Zhang Zixiao, Gong Yue, Gao Bo, Li Hongfei, Gao Wentao, Zhao Yuming, Dong Benzhi
College of Information and Computer Engineering, Northeast Forestry University, Harbin, China.
Department of Radiology, The Second Affiliated Hospital, Harbin Medical University, Harbin, China.
Front Genet. 2021 Dec 20;12:809001. doi: 10.3389/fgene.2021.809001. eCollection 2021.
Soluble N-ethylmaleimide sensitive factor activating protein receptor (SNARE) proteins are a large family of transmembrane proteins located in organelles and vesicles. The important roles of SNARE proteins include initiating the vesicle fusion process and activating and fusing proteins as they undergo exocytosis activity, and SNARE proteins are also vital for the transport regulation of membrane proteins and non-regulatory vesicles. Therefore, there is great significance in establishing a method to efficiently identify SNARE proteins. However, the identification accuracy of the existing methods such as SNARE CNN is not satisfied. In our study, we developed a method based on a support vector machine (SVM) that can effectively recognize SNARE proteins. We used the position-specific scoring matrix (PSSM) method to extract features of SNARE protein sequences, used the support vector machine recursive elimination correlation bias reduction (SVM-RFE-CBR) algorithm to rank the importance of features, and then screened out the optimal subset of feature data based on the sorted results. We input the feature data into the model when building the model, used 10-fold crossing validation for training, and tested model performance by using an independent dataset. In independent tests, the ability of our method to identify SNARE proteins achieved a sensitivity of 68%, specificity of 94%, accuracy of 92%, area under the curve (AUC) of 84%, and Matthew's correlation coefficient (MCC) of 0.48. The results of the experiment show that the common evaluation indicators of our method are excellent, indicating that our method performs better than other existing classification methods in identifying SNARE proteins.

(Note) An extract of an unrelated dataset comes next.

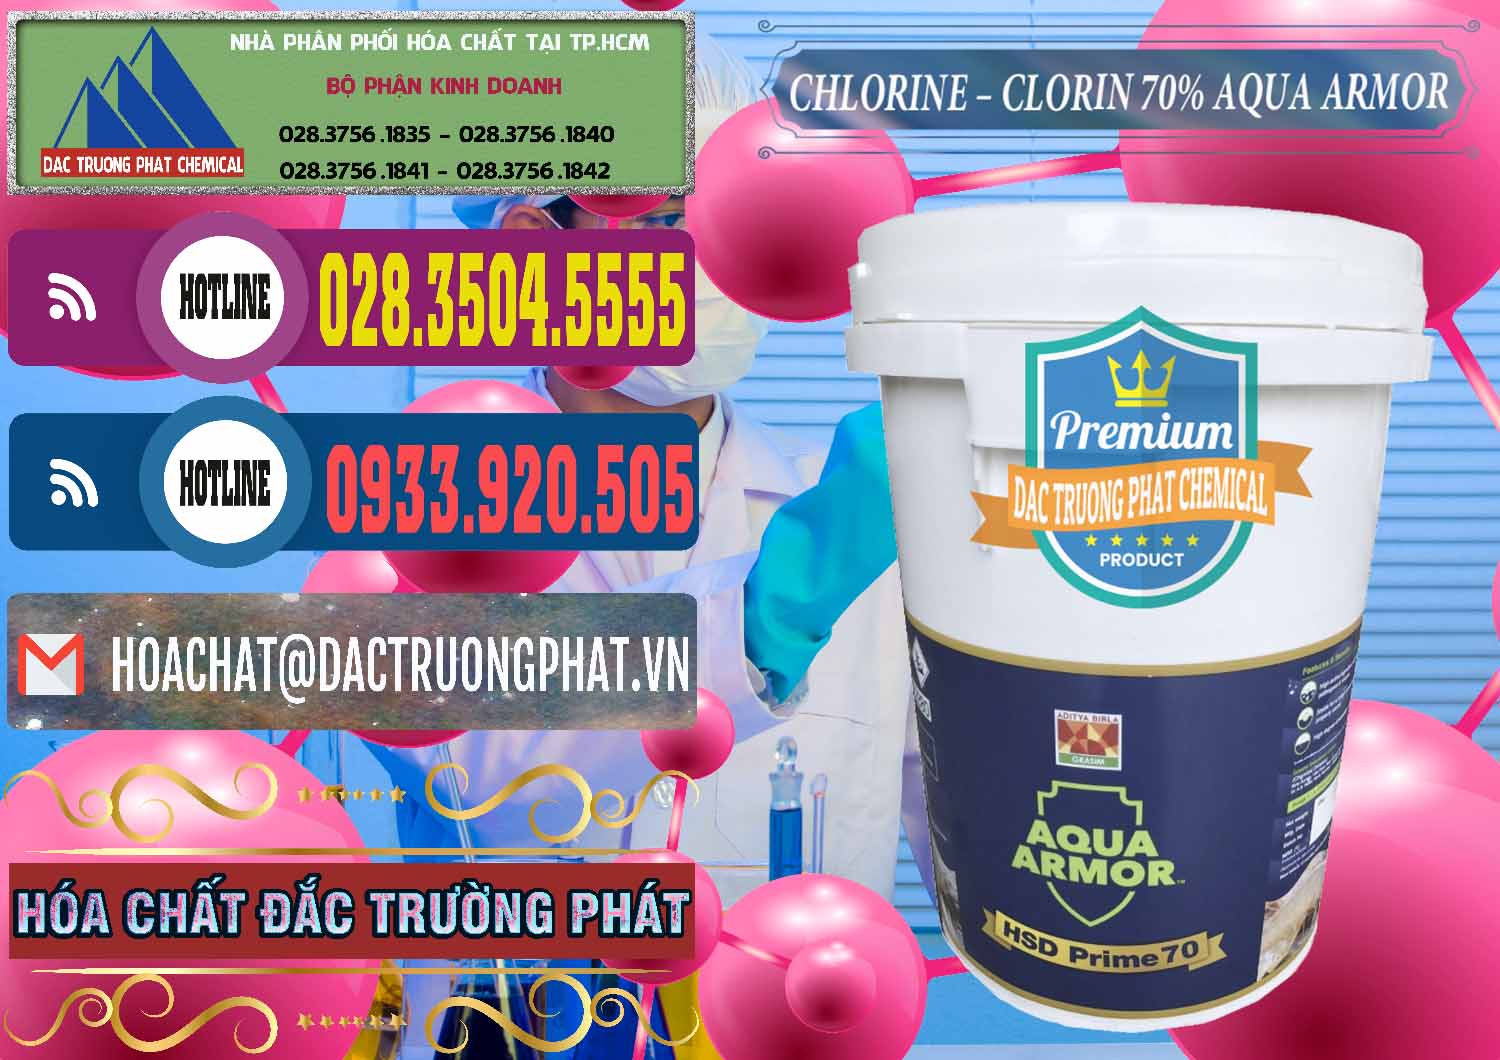 Nơi chuyên bán - cung cấp Chlorine – Clorin 70% Aqua Armor Aditya Birla Grasim Ấn Độ India - 0241 - Chuyên cung cấp _ phân phối hóa chất tại TP.HCM - muabanhoachat.com.vn

可溶性N - 乙基马来酰亚胺敏感因子激活蛋白受体(SNARE)蛋白是位于细胞器和囊泡中的一大类跨膜蛋白。SNARE蛋白的重要作用包括启动囊泡融合过程以及在进行胞吐活动时激活和融合蛋白,并且SNARE蛋白对于膜蛋白和非调节性囊泡的运输调节也至关重要。因此,建立一种有效识别SNARE蛋白的方法具有重要意义。然而,诸如SNARE CNNCNN等CNN等现有方法的识别准确率并不令人满意。在我们的研究中,我们开发了一种基于支持向量机(SVM)的方法,该方法可以有效地识别SNARE蛋白。我们使用位置特异性得分矩阵(PSSM)方法提取SNARE蛋白序列的特征,使用支持向量机递归消除相关偏差减少(SVM - RFE - CBR)算法对特征的重要性进行排序,然后根据排序结果筛选出特征数据的最优子集。在构建模型时,我们将特征数据输入模型,使用10折交叉验证进行训练,并使用独立数据集测试模型性能。在独立测试中,我们的方法识别SNARE蛋白的能力达到了68%的灵敏度、94%的特异性、92%的准确率、84%的曲线下面积(AUC)以及0.48的马修斯相关系数(MCC)。实验结果表明,我们方法的常见评估指标优异,表明我们的方法在识别SNARE蛋白方面比其他现有分类方法表现更好。